Only a few studies answer that, and with a small number of genuinely comparable data points, Bayesian hierarchical modelling, which does not lean on large-sample approximations, can help.
Can your system actually deliver this?
Working with Noam Angrist and Youth Impact, which was scaling targeted instruction across Botswana and into Namibia and South Africa, Rafe used these methods to find which features of an intervention have to be preserved at scale and which can be compromised. Aggregation methods cannot answer this causally, but they can show which features correlate most strongly with larger treatment effects, telling you where to look.
What emerged was that implementation fidelity was very strongly predictive of effect size. Take-up is not a simple binary. Attending one remedial class is not the same as attending eight weeks of them, and the quality of teacher training mattered enormously for something as difficult as assessing children, splitting them by level and teaching each group accordingly. When Youth Impact then varied the intensity of targeting directly, more targeting produced more learning, corroborating the correlation.
Prior to the study, some economists had insisted that implementation could not matter much in studies, because trials are ‘gold-plated’ – everyone tries hard, so there is no meaningful variation to find. But basic contact with reality says otherwise: even smart people trying hard are usually barely getting these studies over the line, because they are attempting something ambitious.
Implementation, in other words, can be studied scientifically. For a policymaker, this work reframes the central question. Instead of asking “does this program work?”, the better question is “can my system actually deliver this program?”
What aggregation cannot fix
Rafe is equally clear about the limits of aggregation methods. Sites where rigorous evaluation is possible may differ systematically from those where it is not.
Publication bias persists, as the research community has preferences about what it wants to see that may or may not track the truth.
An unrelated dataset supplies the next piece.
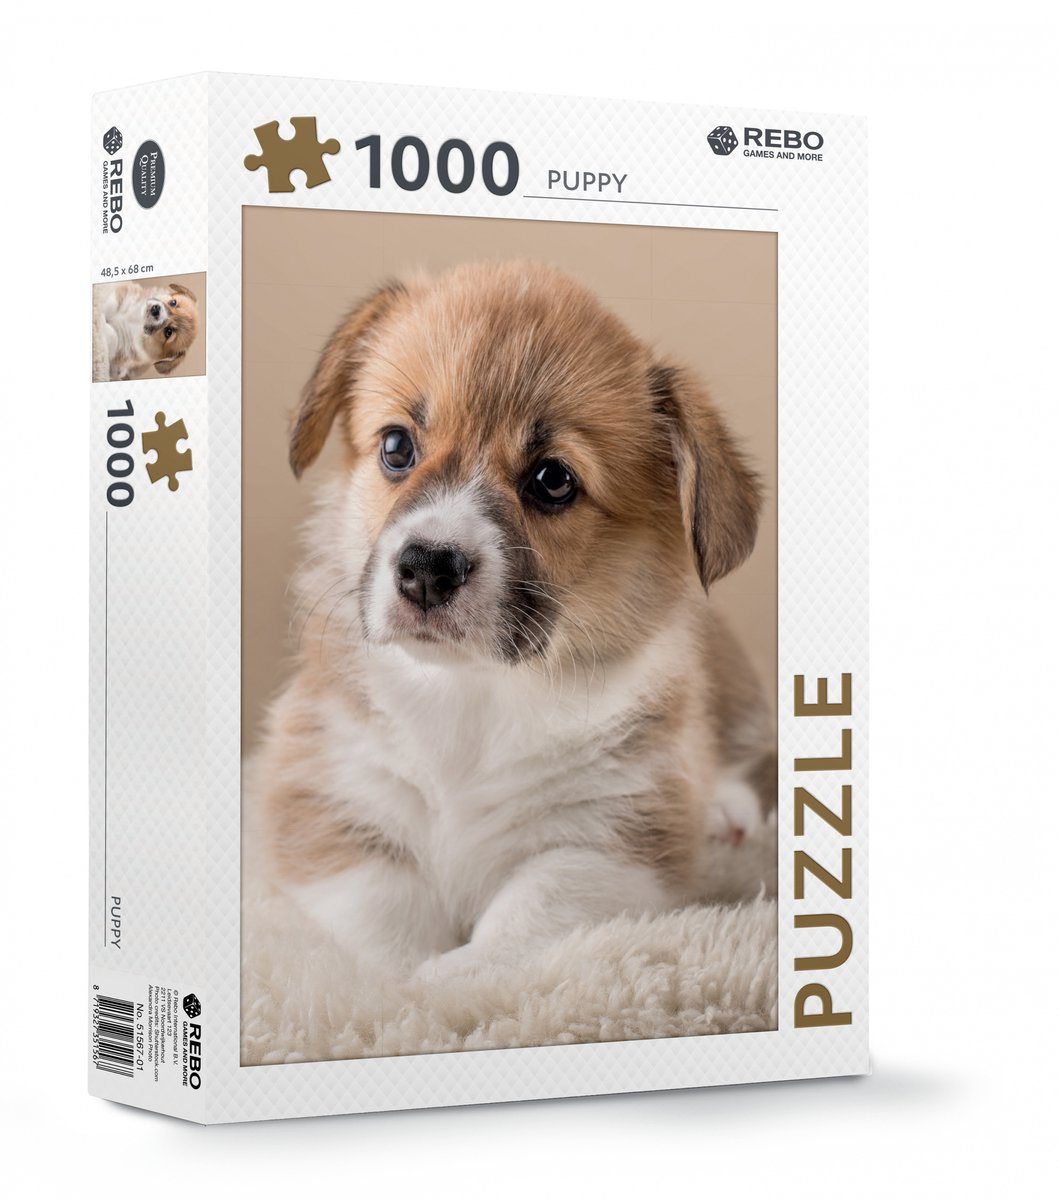 Rebo Puzzel Puppy 1000 Stukjes

And there is no clean solution to any of this, which is precisely why Rafe calls for interdisciplinary collaboration and partnership between academics and policymakers. Neither group would really want to do without the other – more sources of knowledge are simply more.
Heuristics for the rest of us
Asked how they react to a single causal claim on social media or in an abstract, Rafe offered a set of rules of thumb.
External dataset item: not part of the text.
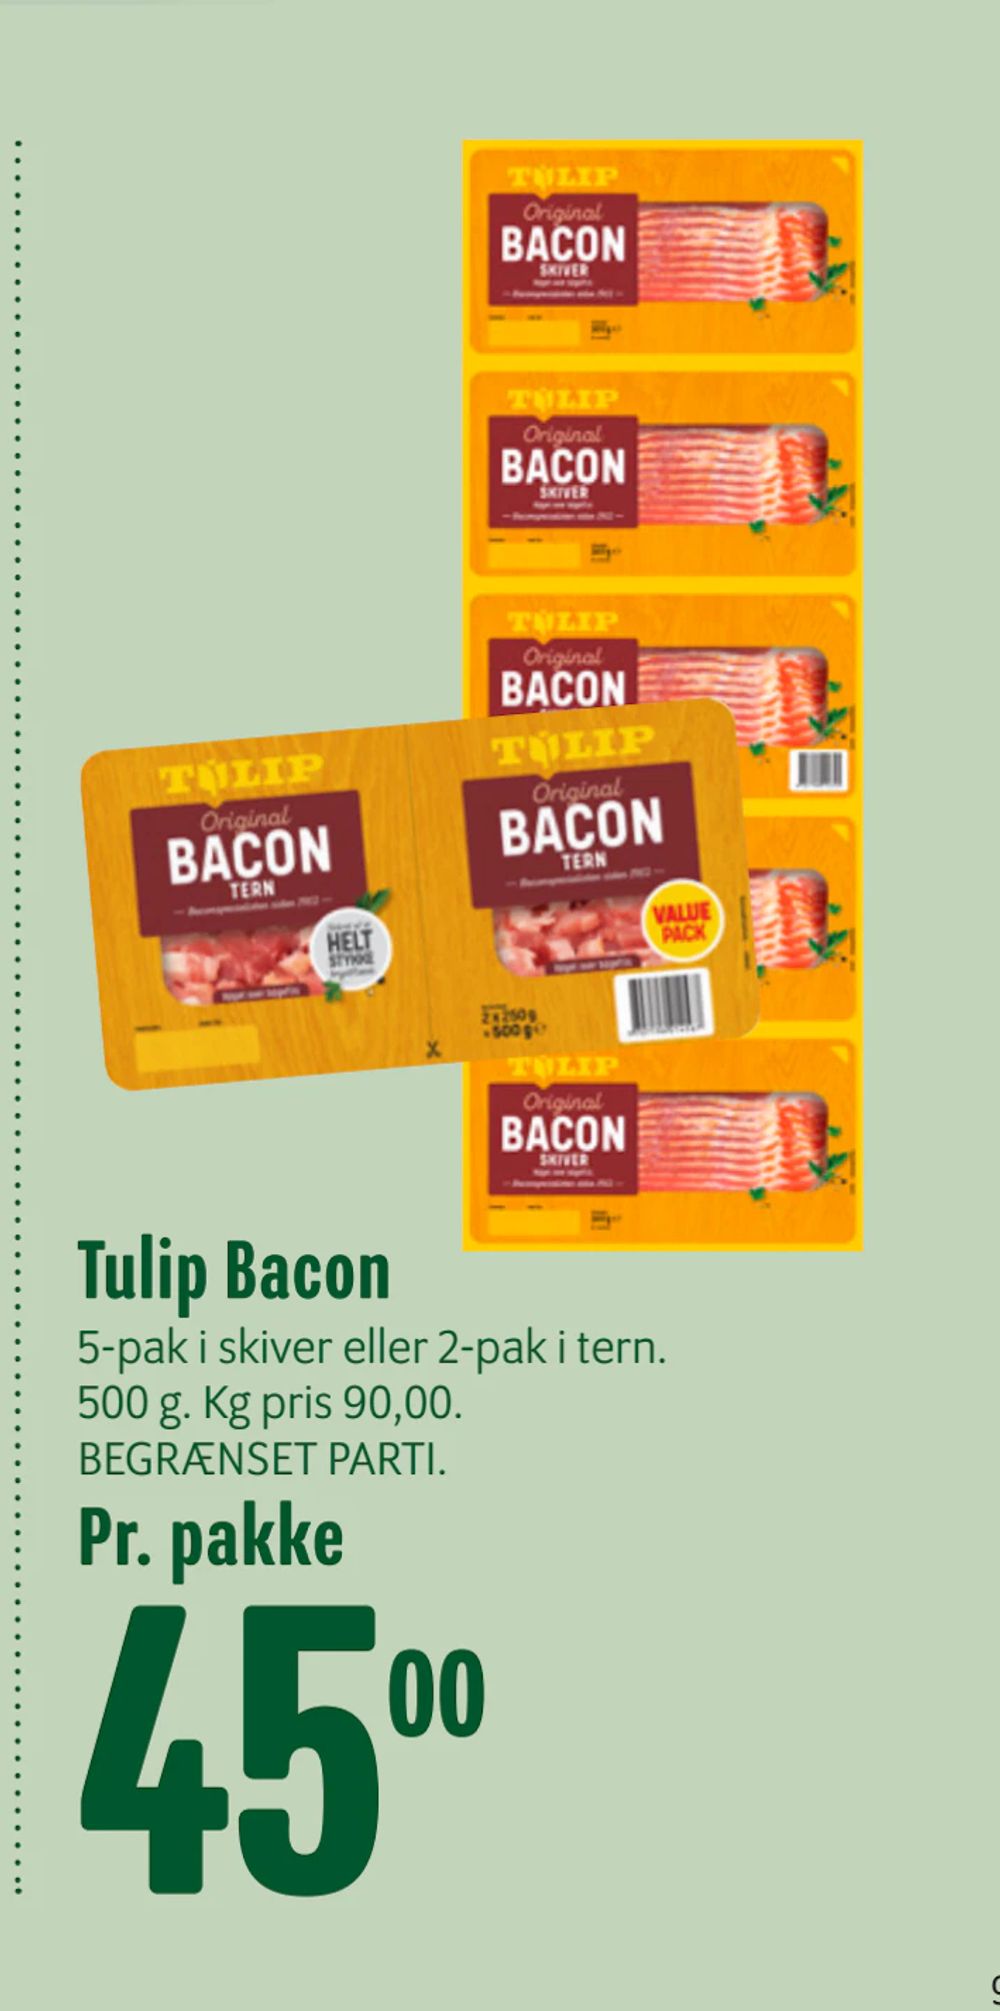 Tilbud på Tulip Bacon fra Min Købmand til 45 kr.

More than one study is always better than one – is this the first study of a question, or building on an established literature?
The quality of the causal and statistical techniques matters.
Was the study pre-registered and, if so, what was the pre-analysis plan?
Ask people who know more than you do whether a finding passes their sniff test.
Seeking out the bits of knowledge you are missing is among the most useful things a reader can do.
The future of aggregation
Looking ahead, as AI drives up the volume of research, the need for disciplined aggregation will only increase. Careful attention is required on the quality of inputs and to whether studies are even conceptually coherent enough to combine.
Rafe worries about ‘cookie cutter’ approaches that apply meta-analytic recipes without care – more methodological progress is required for these aggregation methods.
Beyond that, we need to empower the public to understand evidence the way it understands football teams. Some evidence is simply better than others, the quality of studies varies, and saying so out loud need not be hard. The alternative we are left with – a public fed an endless stream of contradictory “studies say” headlines and given no tools to weigh them – is a recipe for losing trust in social science altogether.